CU continues investment in the Center for African and African American Studies while Helping Bomb Africa

    The Center for African & African American Studies (CAAAS) received a $2 million investment on Feb. 2 from CU Chancellor Justin Schwartz and CU President Todd Saliman. Despite this large reward, Black and African students on campus are critical of CU and the timing of this investment.

The investment will provide support for CAAAS’s programs, student support, faculty initiatives and community partnerships. Prior to this announcement, funding for the CAAAS was planned to end this year on its fifth anniversary. CU is parading the investment as an act of charity, but in reality is the continuation of an educational center that shouldn’t have to rely on contracts and bursts of generosity.

One black member of Students for a Democratic Society criticized CU, saying that, “Instead of uplifting [African students] and taking action to defend them from aggressors like the Trump administration, they use money to construct a narrative that distracts from their inaction.” 

The Center for Cultural Connections and Community (formerly Center for Inclusion and Social Change) held a Black History Month celebration in the University Memorial Center’s Glenn Miller ballroom. The event included live musical performances, food and speeches from CU campus leaders.

CAAAS director and founder Reiland Rabaka was in attendance at the celebration when the investment was announced. “I don’t just want a center, I want a world-class center,” Rabaka said. He is a professor in the Ethnic Studies department at CU Boulder. He started teaching at CU Boulder in 2005 and established the CAAAS in May 2021.

Despite wishes for a world-class center, some African students are criticizing the University’s ties to the military-industrial complex, believing this investment to be a distraction from war crime profiteering. A North African student, who asked to be referred to as Djamila, questions the settler administration and the University, asking, “What’s two million dollars mean when African students are barred from entering, when Nigeria is bombed by this regime, and the weapons designed on this campus are used against Africans?” 

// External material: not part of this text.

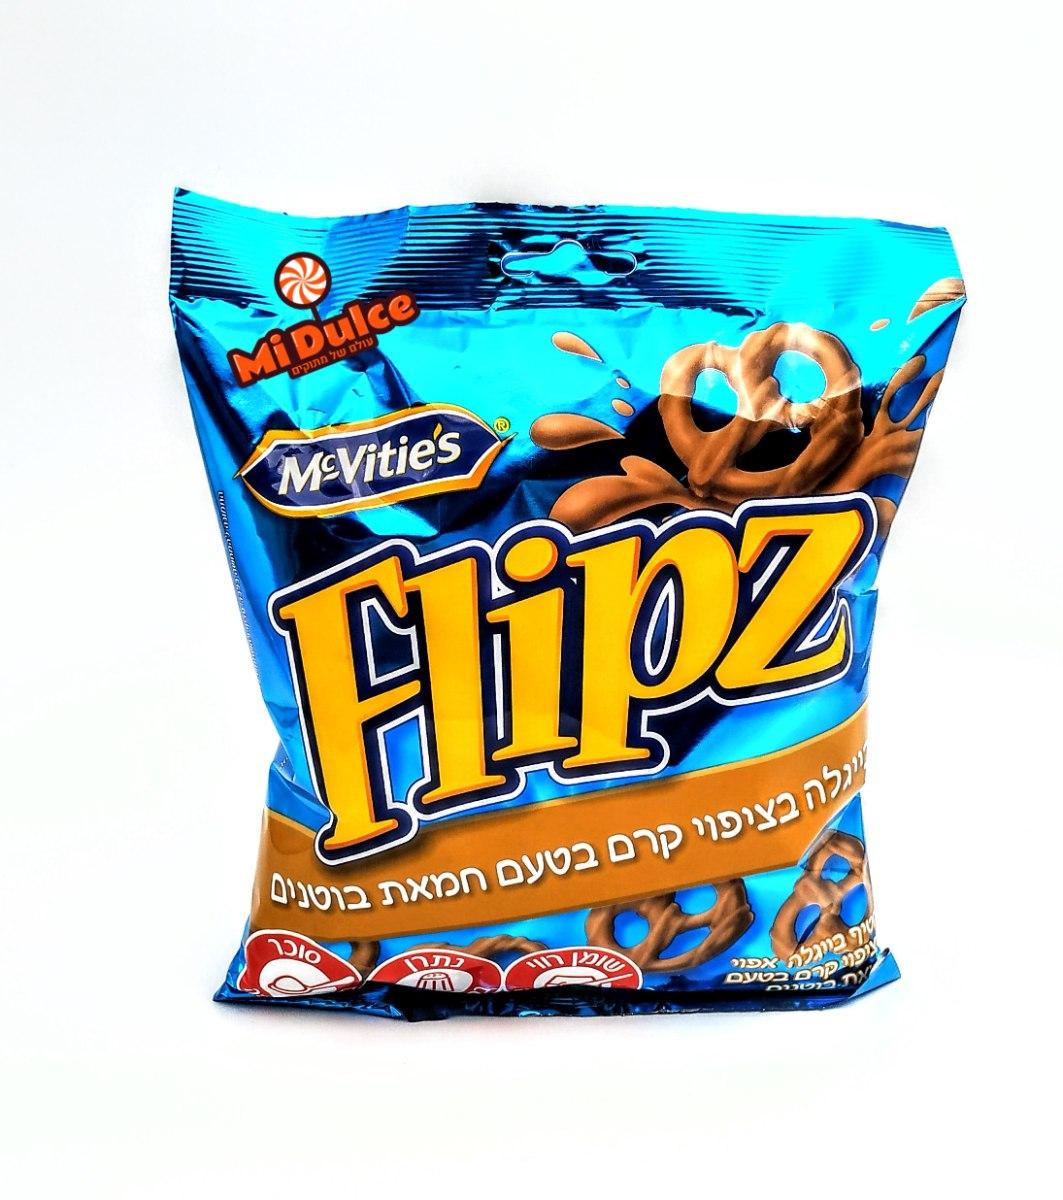 Flipz peanut butter cream

Djamila also noted CU’s history, saying the University “…cannot distract from its colonial legacy by a mere $2 million, we are owed so much more.” This colonial legacy was on full display in the 1980s, when student protestors and members of Black Student Alliance (BSA) erected a ‘shantytown’ encampment at the Dalton Trumbo Fountain Court. This led to CU divesting from South African apartheid in 1988, but only after pressure from students, including a demonstration in which police arrested an “…excess of 500 people in one case,” according to the CU Police Department.